Extrapolated Hard Thresholding Algorithms with Finite Length for Composite $\ell_0$ Penalized Problems
Fan Wu, Jiazhen Wei, Wei Bian
TL;DR
The paper tackles sparse optimization with a composite $\ell_0$ penalty involving the Heaviside function by formulating $F(x)=f(x)+\lambda_1\|x_+\|_0+\lambda_2\|x_-\|_0$ over a box constraint set $\Omega$, where $f$ is convex with a Lipschitz gradient. It develops an extrapolated hard-thresholding algorithm that discretizes an inertial gradient system augmented with dry friction and Hessian-driven damping, and proves a finite-length trajectory $\sum_k\|x^{k+1}-x^k\|<\infty$ for $\epsilon>0$ without using the Kurdyka-Łojasiewicz property, with convergence to an $\epsilon$-local minimizer; for $\epsilon=0$, accumulation points are local minimizers.

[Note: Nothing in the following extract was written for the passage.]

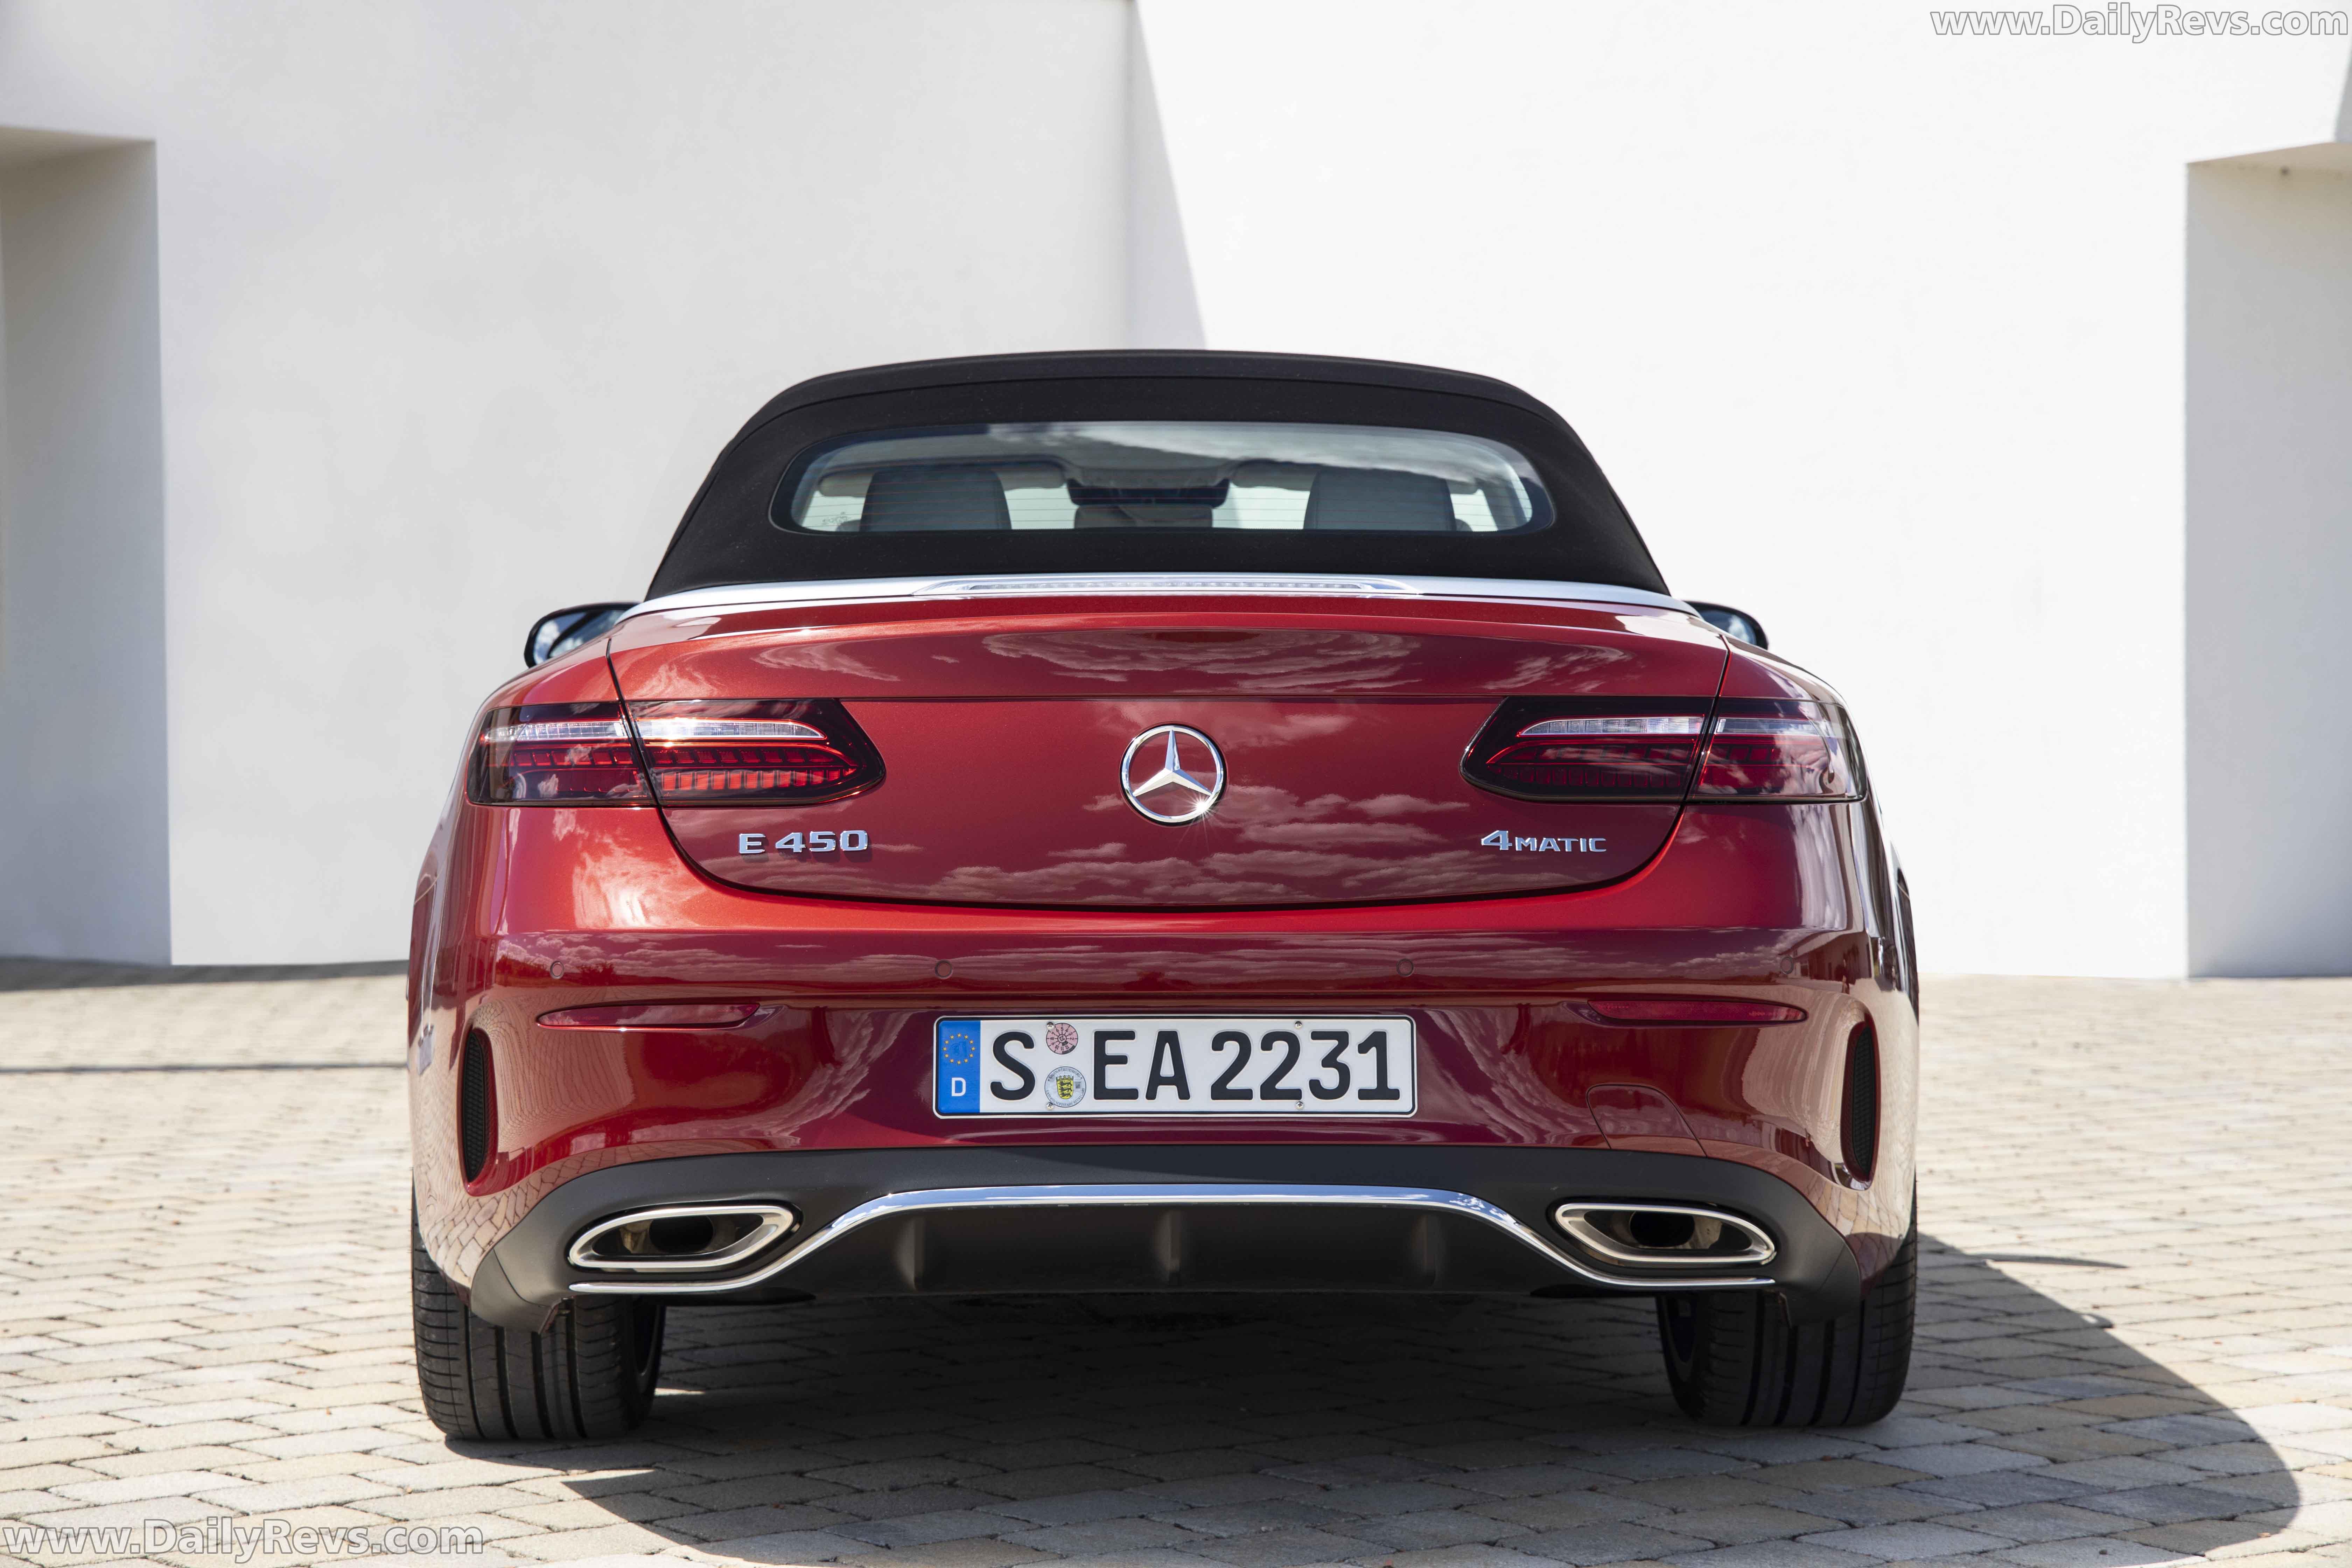 2021 Mercedes-Benz E-Class Cabriolet - Dailyrevs

The authors provide equivalent local-minimizer characterizations for both $\lambda_2>0$ and $\lambda_2=0$, analyze perturbations and errors showing robustness, and validate the method through numerical experiments that demonstrate improved speed and sparsity recovery compared to existing approaches. The work offers a scalable, robust framework for nonconvex, nonsmooth $\ell_0$-penalized problems with practical relevance in sparse modeling.
Abstract
For a class of sparse optimization problems with the penalty function of $\|(\cdot)_+\|_0$, we first characterize its local minimizers and then propose an extrapolated hard thresholding algorithm to solve such problems. We show that the iterates generated by the proposed algorithm with $ε>0$ (where $ε$ is the dry friction coefficient) have finite length, without relying on the Kurdyka-Łojasiewicz inequality. Furthermore, we demonstrate that the algorithm converges to an $ε$-local minimizer of this problem. For the special case that $ε=0$, we establish that any accumulation point of the iterates is a local minimizer of the problem. Additionally, we analyze the convergence when an error term is present in the algorithm, showing that the algorithm still converges in the same manner as before, provided that the errors asymptotically approach zero. Finally, we conduct numerical experiments to verify the theoretical results of the proposed algorithm.